* Task details: Take the records underneath and set them down exactly.

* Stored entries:
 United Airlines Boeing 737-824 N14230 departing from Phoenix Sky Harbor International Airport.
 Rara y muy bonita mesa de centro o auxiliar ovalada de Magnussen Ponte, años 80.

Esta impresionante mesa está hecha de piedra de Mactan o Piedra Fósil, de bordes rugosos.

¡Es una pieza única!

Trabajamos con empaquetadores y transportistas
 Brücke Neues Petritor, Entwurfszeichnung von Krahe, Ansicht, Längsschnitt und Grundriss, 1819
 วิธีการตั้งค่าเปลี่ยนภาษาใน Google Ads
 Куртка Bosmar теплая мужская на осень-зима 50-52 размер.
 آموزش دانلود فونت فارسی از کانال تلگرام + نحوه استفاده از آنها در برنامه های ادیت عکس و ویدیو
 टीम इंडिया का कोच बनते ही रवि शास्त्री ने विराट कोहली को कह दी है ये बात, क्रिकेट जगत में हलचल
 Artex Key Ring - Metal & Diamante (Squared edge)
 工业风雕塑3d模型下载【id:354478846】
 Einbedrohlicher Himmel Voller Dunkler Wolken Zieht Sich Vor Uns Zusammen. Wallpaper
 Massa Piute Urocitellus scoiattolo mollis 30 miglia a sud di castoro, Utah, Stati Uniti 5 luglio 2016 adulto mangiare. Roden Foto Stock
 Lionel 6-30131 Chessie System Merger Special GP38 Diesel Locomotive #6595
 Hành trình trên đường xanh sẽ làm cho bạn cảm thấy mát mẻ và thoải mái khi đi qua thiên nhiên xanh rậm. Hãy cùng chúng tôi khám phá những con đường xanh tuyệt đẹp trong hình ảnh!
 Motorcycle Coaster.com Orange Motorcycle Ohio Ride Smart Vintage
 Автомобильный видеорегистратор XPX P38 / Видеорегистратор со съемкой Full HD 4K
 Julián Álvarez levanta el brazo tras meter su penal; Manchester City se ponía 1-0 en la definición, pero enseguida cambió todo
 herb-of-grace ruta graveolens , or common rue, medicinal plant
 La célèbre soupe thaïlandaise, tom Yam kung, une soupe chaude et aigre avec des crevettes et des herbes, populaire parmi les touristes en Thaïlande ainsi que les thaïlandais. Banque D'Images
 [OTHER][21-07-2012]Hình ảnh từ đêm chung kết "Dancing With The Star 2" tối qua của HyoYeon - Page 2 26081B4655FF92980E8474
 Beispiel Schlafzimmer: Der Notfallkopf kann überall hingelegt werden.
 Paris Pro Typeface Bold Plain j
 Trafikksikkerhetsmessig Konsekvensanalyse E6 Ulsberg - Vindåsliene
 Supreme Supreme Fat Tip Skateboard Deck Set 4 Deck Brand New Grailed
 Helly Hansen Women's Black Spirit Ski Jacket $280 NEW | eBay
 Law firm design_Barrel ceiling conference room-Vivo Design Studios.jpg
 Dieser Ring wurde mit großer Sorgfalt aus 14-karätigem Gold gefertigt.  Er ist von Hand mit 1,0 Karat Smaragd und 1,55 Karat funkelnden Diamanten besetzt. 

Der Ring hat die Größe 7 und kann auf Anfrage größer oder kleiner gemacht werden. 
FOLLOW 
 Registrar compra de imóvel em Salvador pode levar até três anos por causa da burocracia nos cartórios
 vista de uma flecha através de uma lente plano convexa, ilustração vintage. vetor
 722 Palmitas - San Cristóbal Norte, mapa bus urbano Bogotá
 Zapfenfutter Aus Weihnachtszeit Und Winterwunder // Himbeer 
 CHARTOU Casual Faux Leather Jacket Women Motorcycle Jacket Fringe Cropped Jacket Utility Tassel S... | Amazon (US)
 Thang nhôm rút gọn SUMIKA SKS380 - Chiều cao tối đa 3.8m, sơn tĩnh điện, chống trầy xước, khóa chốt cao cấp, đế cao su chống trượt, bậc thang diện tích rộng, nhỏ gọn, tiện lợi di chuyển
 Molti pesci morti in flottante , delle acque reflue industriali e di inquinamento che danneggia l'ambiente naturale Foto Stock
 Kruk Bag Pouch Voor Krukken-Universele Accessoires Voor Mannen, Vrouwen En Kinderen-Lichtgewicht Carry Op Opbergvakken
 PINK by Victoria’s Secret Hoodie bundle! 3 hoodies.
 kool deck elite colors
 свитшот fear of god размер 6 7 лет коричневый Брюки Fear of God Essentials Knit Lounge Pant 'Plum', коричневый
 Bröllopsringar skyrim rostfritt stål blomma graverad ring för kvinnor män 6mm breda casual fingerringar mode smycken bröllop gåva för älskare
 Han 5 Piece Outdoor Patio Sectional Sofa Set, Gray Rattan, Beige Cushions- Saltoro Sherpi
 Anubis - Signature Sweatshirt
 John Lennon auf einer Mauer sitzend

* Solution to the problem:
 United Airlines Boeing 737-824 N14230 departing from Phoenix Sky Harbor International Airport.
 Rara y muy bonita mesa de centro o auxiliar ovalada de Magnussen Ponte, años 80.

Esta impresionante mesa está hecha de piedra de Mactan o Piedra Fósil, de bordes rugosos.

¡Es una pieza única!

Trabajamos con empaquetadores y transportistas
 Brücke Neues Petritor, Entwurfszeichnung von Krahe, Ansicht, Längsschnitt und Grundriss, 1819
 วิธีการตั้งค่าเปลี่ยนภาษาใน Google Ads
 Куртка Bosmar теплая мужская на осень-зима 50-52 размер.
 آموزش دانلود فونت فارسی از کانال تلگرام + نحوه استفاده از آنها در برنامه های ادیت عکس و ویدیو
 टीम इंडिया का कोच बनते ही रवि शास्त्री ने विराट कोहली को कह दी है ये बात, क्रिकेट जगत में हलचल
 Artex Key Ring - Metal & Diamante (Squared edge)
 工业风雕塑3d模型下载【id:354478846】
 Einbedrohlicher Himmel Voller Dunkler Wolken Zieht Sich Vor Uns Zusammen. Wallpaper
 Massa Piute Urocitellus scoiattolo mollis 30 miglia a sud di castoro, Utah, Stati Uniti 5 luglio 2016 adulto mangiare. Roden Foto Stock
 Lionel 6-30131 Chessie System Merger Special GP38 Diesel Locomotive #6595
 Hành trình trên đường xanh sẽ làm cho bạn cảm thấy mát mẻ và thoải mái khi đi qua thiên nhiên xanh rậm. Hãy cùng chúng tôi khám phá những con đường xanh tuyệt đẹp trong hình ảnh!
 Motorcycle Coaster.com Orange Motorcycle Ohio Ride Smart Vintage
 Автомобильный видеорегистратор XPX P38 / Видеорегистратор со съемкой Full HD 4K
 Julián Álvarez levanta el brazo tras meter su penal; Manchester City se ponía 1-0 en la definición, pero enseguida cambió todo
 herb-of-grace ruta graveolens , or common rue, medicinal plant
 La célèbre soupe thaïlandaise, tom Yam kung, une soupe chaude et aigre avec des crevettes et des herbes, populaire parmi les touristes en Thaïlande ainsi que les thaïlandais. Banque D'Images
 [OTHER][21-07-2012]Hình ảnh từ đêm chung kết "Dancing With The Star 2" tối qua của HyoYeon - Page 2 26081B4655FF92980E8474
 Beispiel Schlafzimmer: Der Notfallkopf kann überall hingelegt werden.
 Paris Pro Typeface Bold Plain j
 Trafikksikkerhetsmessig Konsekvensanalyse E6 Ulsberg - Vindåsliene
 Supreme Supreme Fat Tip Skateboard Deck Set 4 Deck Brand New Grailed
 Helly Hansen Women's Black Spirit Ski Jacket $280 NEW | eBay
 Law firm design_Barrel ceiling conference room-Vivo Design Studios.jpg
 Dieser Ring wurde mit großer Sorgfalt aus 14-karätigem Gold gefertigt.  Er ist von Hand mit 1,0 Karat Smaragd und 1,55 Karat funkelnden Diamanten besetzt. 

Der Ring hat die Größe 7 und kann auf Anfrage größer oder kleiner gemacht werden. 
FOLLOW 
 Registrar compra de imóvel em Salvador pode levar até três anos por causa da burocracia nos cartórios
 vista de uma flecha através de uma lente plano convexa, ilustração vintage. vetor
 722 Palmitas - San Cristóbal Norte, mapa bus urbano Bogotá
 Zapfenfutter Aus Weihnachtszeit Und Winterwunder // Himbeer 
 CHARTOU Casual Faux Leather Jacket Women Motorcycle Jacket Fringe Cropped Jacket Utility Tassel S... | Amazon (US)
 Thang nhôm rút gọn SUMIKA SKS380 - Chiều cao tối đa 3.8m, sơn tĩnh điện, chống trầy xước, khóa chốt cao cấp, đế cao su chống trượt, bậc thang diện tích rộng, nhỏ gọn, tiện lợi di chuyển
 Molti pesci morti in flottante , delle acque reflue industriali e di inquinamento che danneggia l'ambiente naturale Foto Stock
 Kruk Bag Pouch Voor Krukken-Universele Accessoires Voor Mannen, Vrouwen En Kinderen-Lichtgewicht Carry Op Opbergvakken
 PINK by Victoria’s Secret Hoodie bundle! 3 hoodies.
 kool deck elite colors
 свитшот fear of god размер 6 7 лет коричневый Брюки Fear of God Essentials Knit Lounge Pant 'Plum', коричневый
 Bröllopsringar skyrim rostfritt stål blomma graverad ring för kvinnor män 6mm breda casual fingerringar mode smycken bröllop gåva för älskare
 Han 5 Piece Outdoor Patio Sectional Sofa Set, Gray Rattan, Beige Cushions- Saltoro Sherpi
 Anubis - Signature Sweatshirt
 John Lennon auf einer Mauer sitzend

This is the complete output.